Nur bei IRT ist spezielle Hardware (Anschaltungen und Switches) notwendig.

Bei Profinet spricht man ab einer gesicherten Reaktionszeit von 100ms schon von Realtime.

Das Mischen zwischen TCP/IP und RT und auch IRT ist problemlos machbar, allerdings ist bei IRT dies nur begrenzt machbar, da die Zeitfenster für TCP/IP begrenzt sind.


> Kommt ProfiNet RT zum Einsatz, ist TCP/IP unbrauchbar, da keine genauen Zeiten garantiert werden können


Ich gehe davon aus, hier ist IRT gemeint, dann ist diese Aussage aber so nicht korrekt. Die IRT-Switche kümmern sich darum, dass die Timings genau eingehalten werden.

Ob es allerdings sinnvoll ist, TCP/IP auf einer IRT Leitung zu betreiben, das steht auf einem anderen Blatt

Gruß,
Centi


----------



## Maxl (29 Mai 2008)

@centipede
Kannst Du mir bitte 1 vernünftige Anwendung nennen, bei der IRT derzeit schon zum Einsatz kommt oder notwendig ist bzw. eine S7-CPU welche das unterstützt?

Also nochmals zum Thema:


> Nun, ich plane ein Netz mit S7 PN/CPU und mehreren FU mit Profinet und Scalance Switches.

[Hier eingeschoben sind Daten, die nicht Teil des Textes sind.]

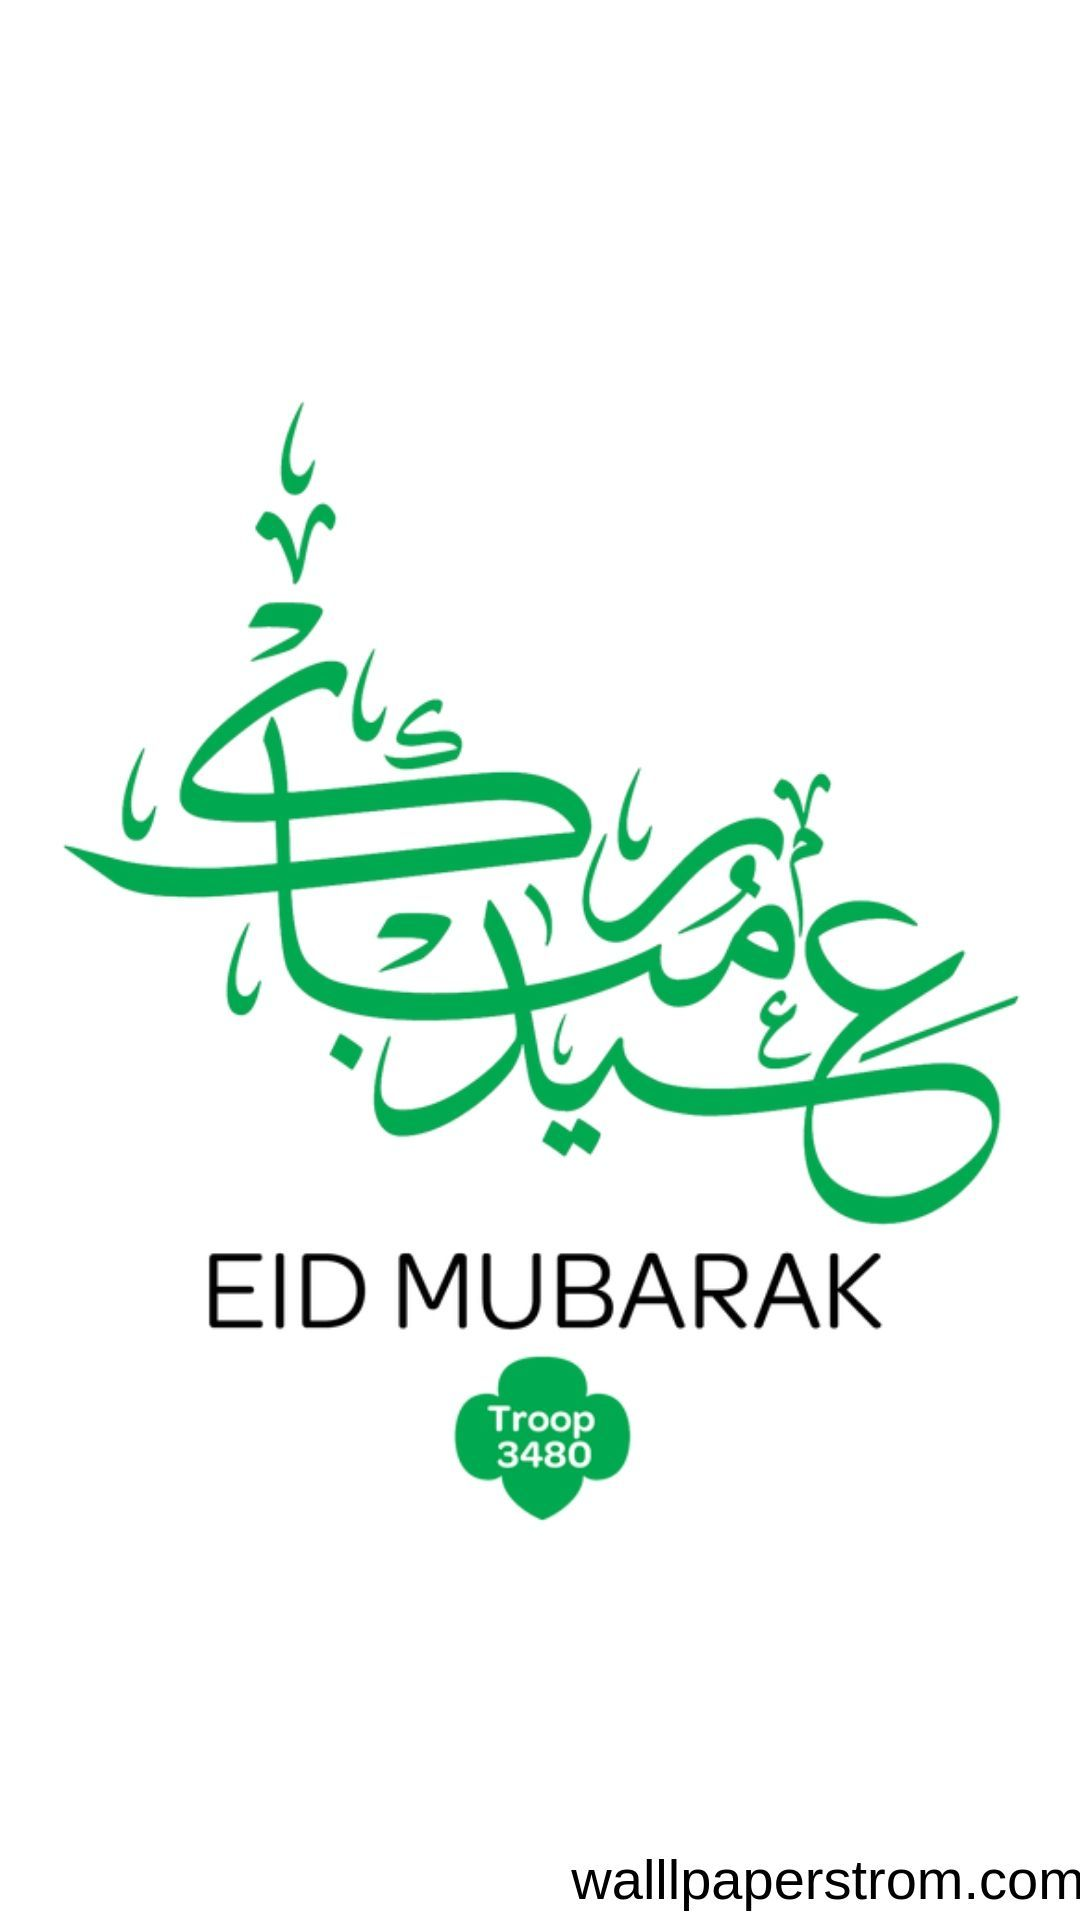 Eid Mubarak Wishes 2019 Images Hd Pics Photo Gallery Download Free Eid Mubarak Wishes Eid Mubarak Eid Mubarak Wishes Images
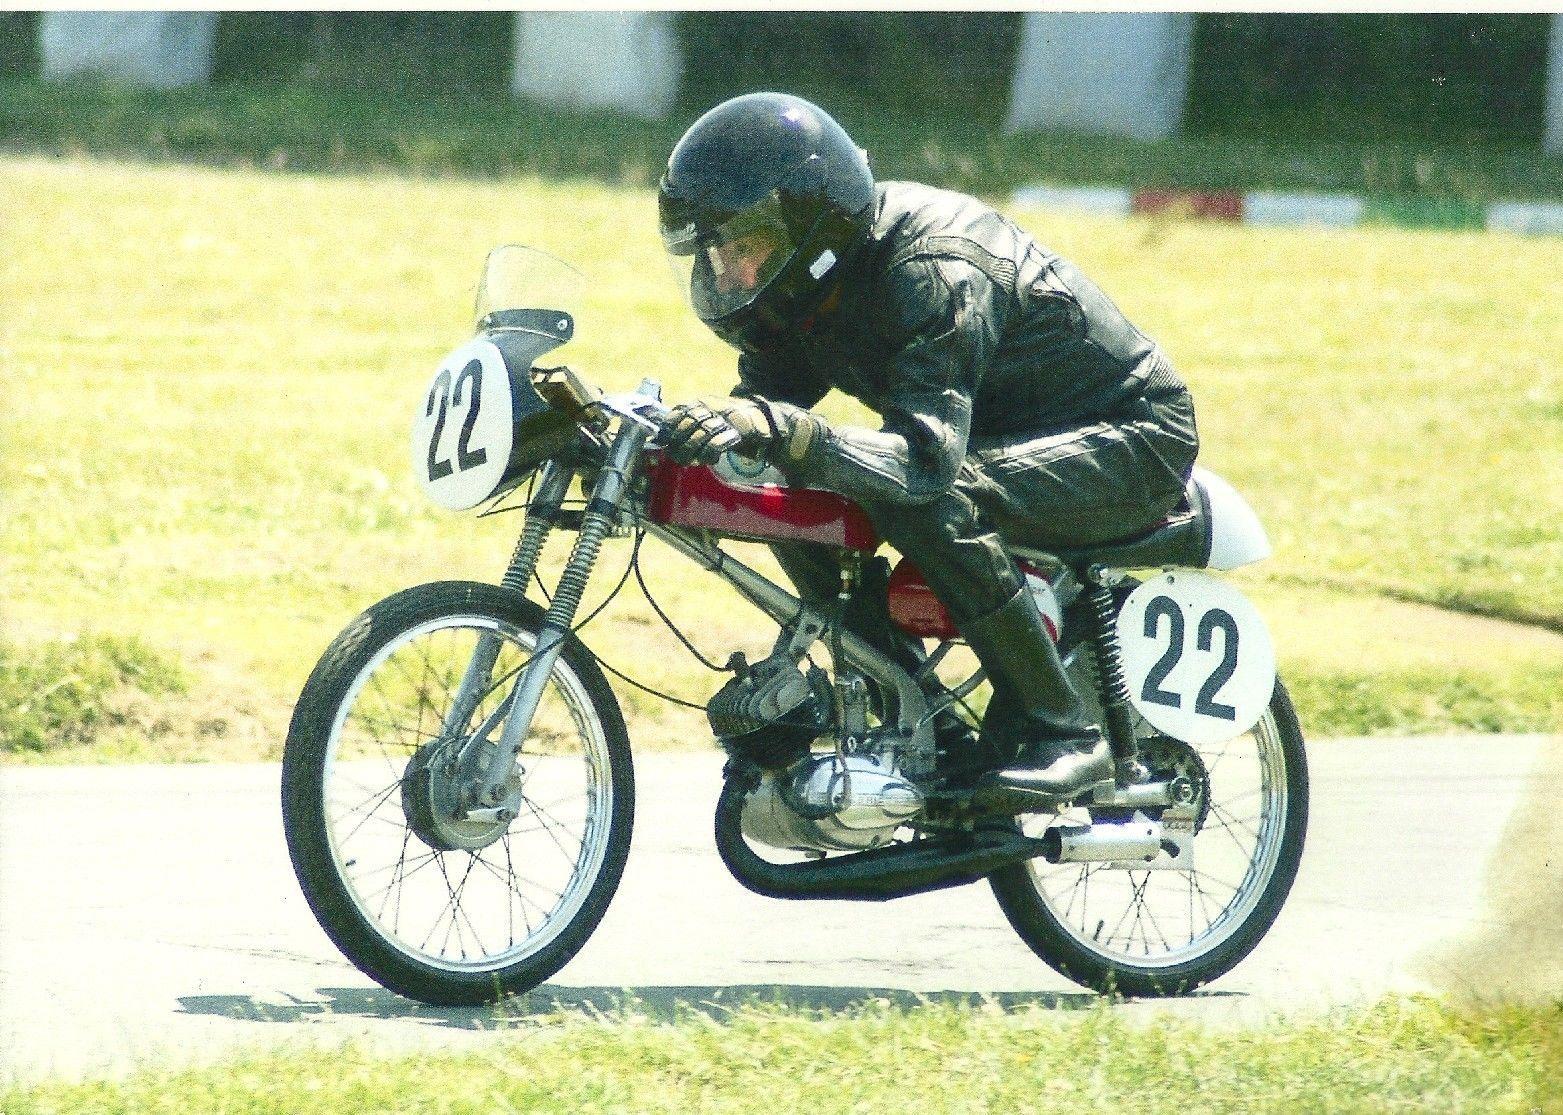 derbi gran sport classic 50cc racing motorcycle picture. Black Bedroom Furniture Sets. Home Design Ideas

Soll daß heißen, daß ich mit TCP/IP z.B. Projektierungsrechner oder SCADA im gleichen Netz nicht mehr arbeiten kann? (Entsetzen)


Die CPUs und FU sprechen normalerweise sowohl Profinet RT (IO) als auch TCP/IP. Die CPU spricht mit den FU per Profinet RT (was den Einsatz von Scalance-Switches erfordert), parallel können alle Teilnehmer am gleichen Netz auch per TCP/IP angesprochen werden (also z.B. Projektierungsrechner - CPU, FU; SCADA - CPU usw.).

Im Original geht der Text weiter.